October 23, 2016 loomed as another dark day for the family of Dharmendra and Usha, one more day to survive without any food. Previously numerous days had been spent in the same manner. But the body if Dharmendra it seemed had other plans and took on a different direction. He could not survive and his body succumbed to starvation.
“October 23, 2016 turned the last dark day for Dharmendra”.
In what is cited as the most populous state in the Republic of India, in one of its illustrious districts of Allahabad, a young man of 28 years of age died of starvation on October 23, 2016. He was barely survived by a wife, who had been suffering in the same state from past many days. While the local administration plays the blame game for the responsibility of his death, the fact shall remain that the jobless Dalit youth died of hunger. And all this could generate were a few columns in some newspapers across the country, putting the death as a lost statistic where it shall remain as an anomaly, hidden in some records, yet an anomaly in this age and land.
As India progresses leaps and bounds in the technology and forays ahead in the defence sector, the 2016 Global Hunger Index (GHI) in its figures presented for 118 countries has ranked India at number 97. Before moving on to the statistics and the workings of the Global Hunger Index, lets begin by covering the basics.
What is Hunger?
Hunger is a global, multidimensional and complex phenomenon that has been observed as a global concern, as reflected through the Sustainable Development Goal 2 (SDG) which is Zero Hunger. Hunger can basically be understood as the condition of distress caused due to the lack of food. FAO defines food deprivation, as the consumption of lesser than 1800 kilocalories a day which is the minimum quantity required to live a productive and healthy life. While the direct causes for hunger can be attributed to the natural (famine, drought), the basic ones are man-made. The conditions that lead to this situation are mostly the result of man-made actions that can thus be addressed in the same manner, as it is a known fact that the world produces adequate amount of food that can feed the global population.

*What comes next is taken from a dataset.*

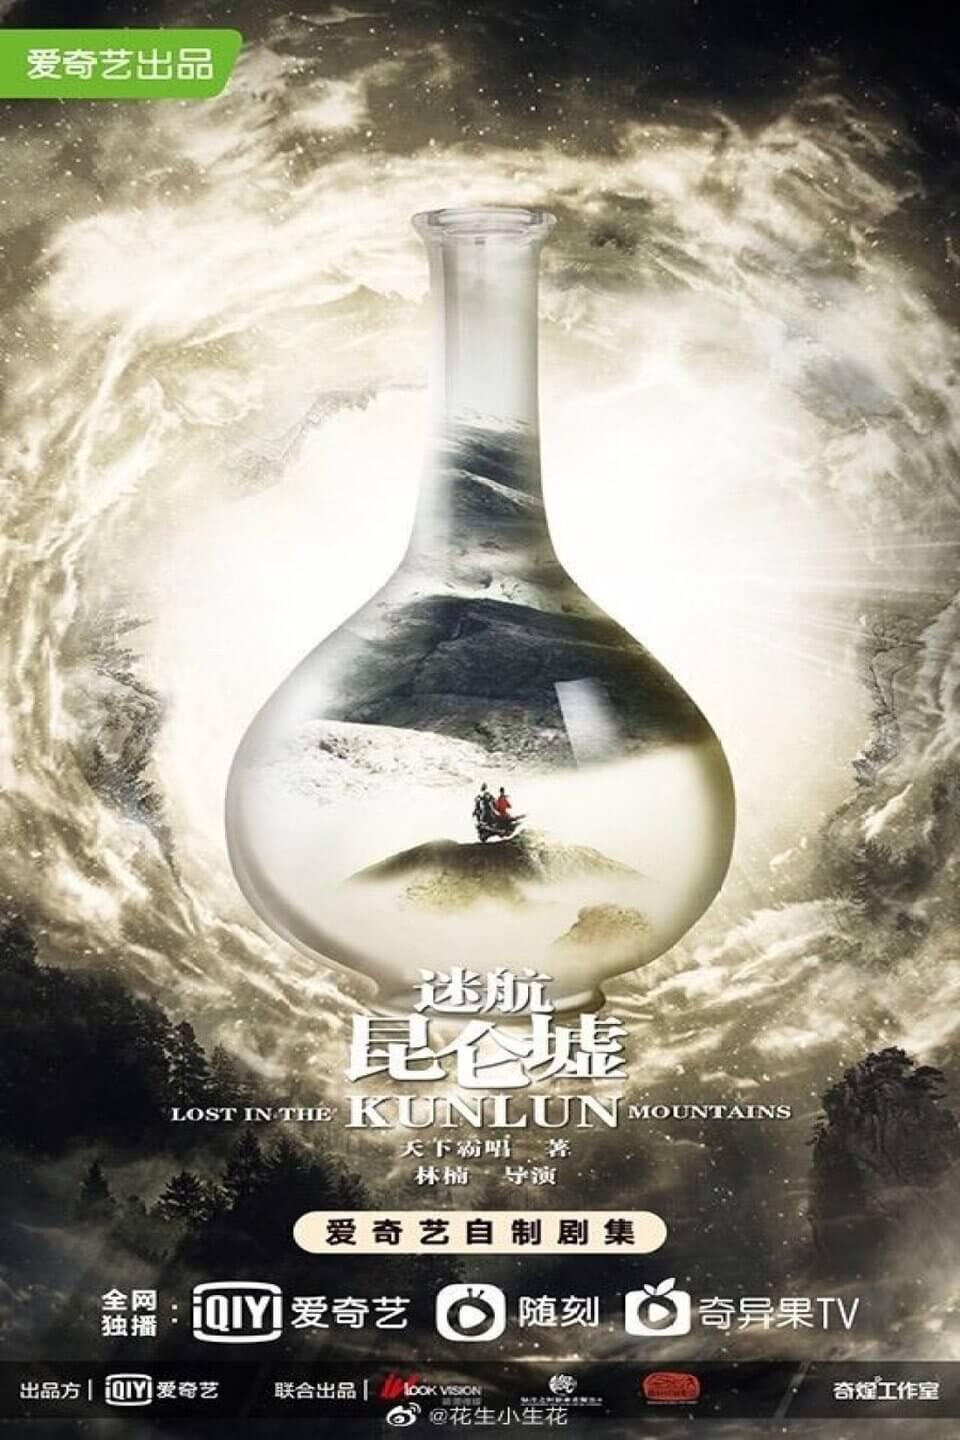 TV ratings for Lost In The Kunlun Mountains (迷航昆仑墟) in the United States. iQiyi TV series

Other definition associated with the concept of hunger is of malnutrition, which translates into two conditions of undernutrition and over nutrition respectively, leading to insufficient, excessive or imbalanced consumption of nutrients. Largely, undernutrition is associated with malnutrition which signifies deficiencies in any or all of the given – energy, protein, or essential vitamins and minerals. It is the result of inadequate intake of food in terms of either quantity or quality, poor utilization of nutrients due to infections or other illnesses or a combination of these factors.
Global Hunger Index
Global Hunger Index is a tool that has been designed to track and measure the global, national and regional levels of hunger (International Food Policy and Research Institute, 2016). As it reports the statistics related to hunger across the world, GHI acts as a medium to assess the levels of hunger (Progress or lack of it), combatting efforts and provides an understanding about the issue, thus raising awareness of it. The GHI includes a thematic focus wherein the focus of 2016 was Zero Hunger.

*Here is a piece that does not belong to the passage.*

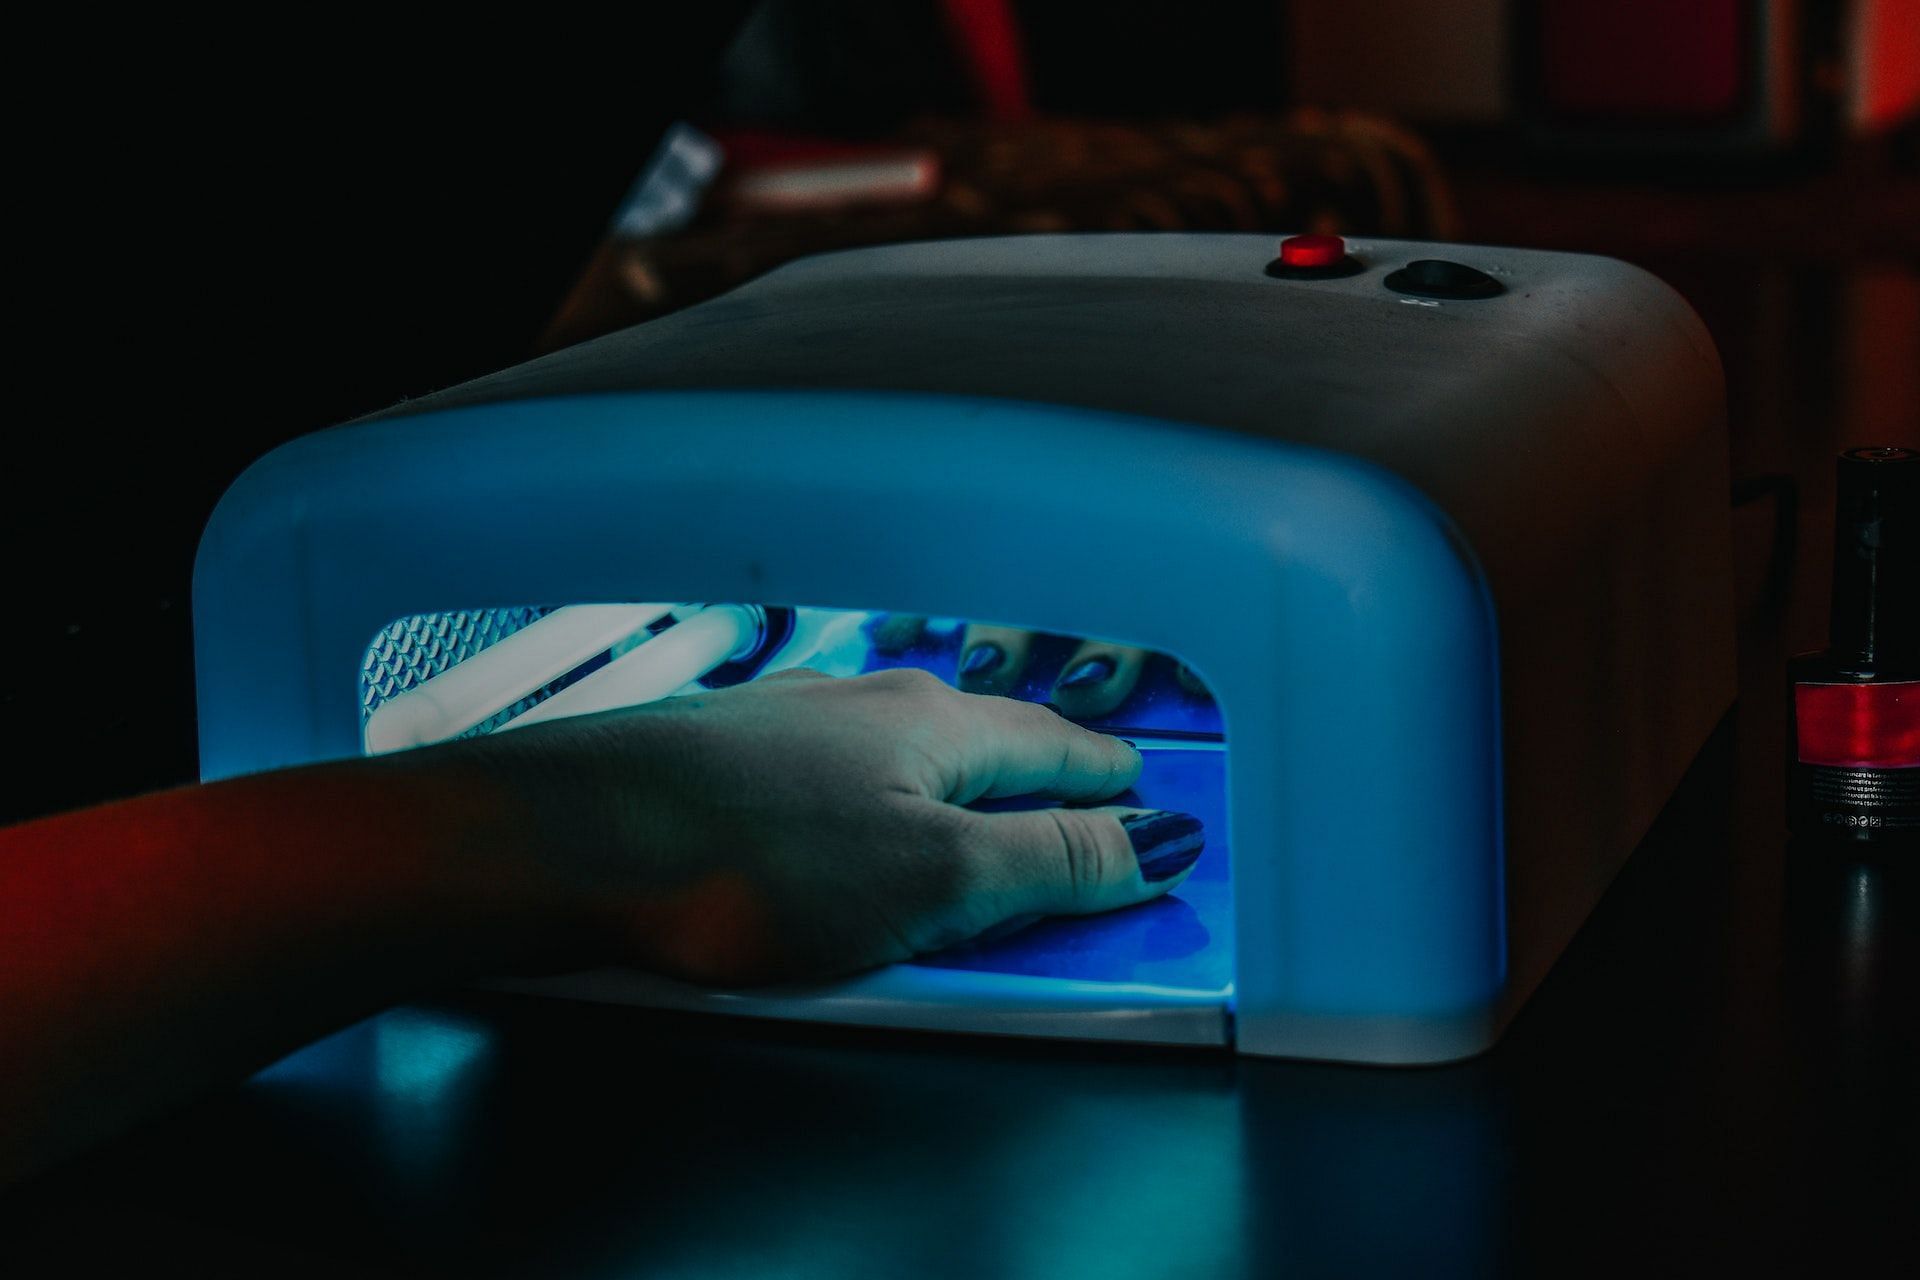 UV nail lamp can damage your DNA. (Photo via Pexels/Dids)

The 2016 Global Hunger Index (GHI) has been calculated for 118 countries that reflects hunger levels during the period from 2011 to 2016. As Hunger is a complex problem, with a multidimensional nature and various forms, therefore the four component indicators are used in one index. The scores on the index reflect the nutrition situation of the population as a whole, and along with that also of children (vulnerable subset) and thereafter combines independently measured indicators so as to reduce the effects of random measurement errors.
Four component indicators are :
- Under-nourishment – Proportion of undernourished people as a percentage of the population (reflecting share of population with insufficient caloric intake)
- Child Wasting – Proportion of children under the age of five who suffer from wasting (low weight for their height, reflecting acute under-nutrition)
- Child Stunting – Proportion of children under the age of five who suffer from stunting (low height for their age, reflecting chronic under-nutrition)
- Child Mortality – the Mortality rate of children under the age of five (partially reflecting the fatal synergy of inadequate nutrition and unhealthy environments).
Inclusion of such measures makes it a comprehensive index, and the data for 2016 GHI shows that level of hunger in developing countries as a group has fallen by 29 percent. While the levels may have declined, it has been so in a skewed manner. Regionally, Africa (South of Sahara) and South Asia remain the regions with the highest levels of hunger. Among these, India has been ranked 97th among the 118 countries, with a GHI score of 28.5, putting it in the upper range of serious category.
Dissecting this score further we see that under the indicator of Undernourishment, the proportion of undernourished in the population is 15.2% reflecting the percentage of population that is not getting the required caloric intake. The other three indicators associated with child health care in a similar manner. The indicator for child wasting of the prevalence of wasting in children under the age of five year, reflecting acute under-nutrition has a score of 15.1% . The indicator for child stunting has the highest prevalence with about 38.7% and the indicator for the under-five mortality rate has the score of 4.8%.
These scores may reflect an improvement than the past year for every indicators, the numbers are still an important concern that needs to be addressed as the report also suggests that even when the hunger levels decline at the rate that they have in the past years as measured in GHI, the scores on hunger would still remain in the moderate to alarming category. Moreover at this rate the Sustainable Goal of achieving Zero Hunger by 2030 shall remain a pipeline dream.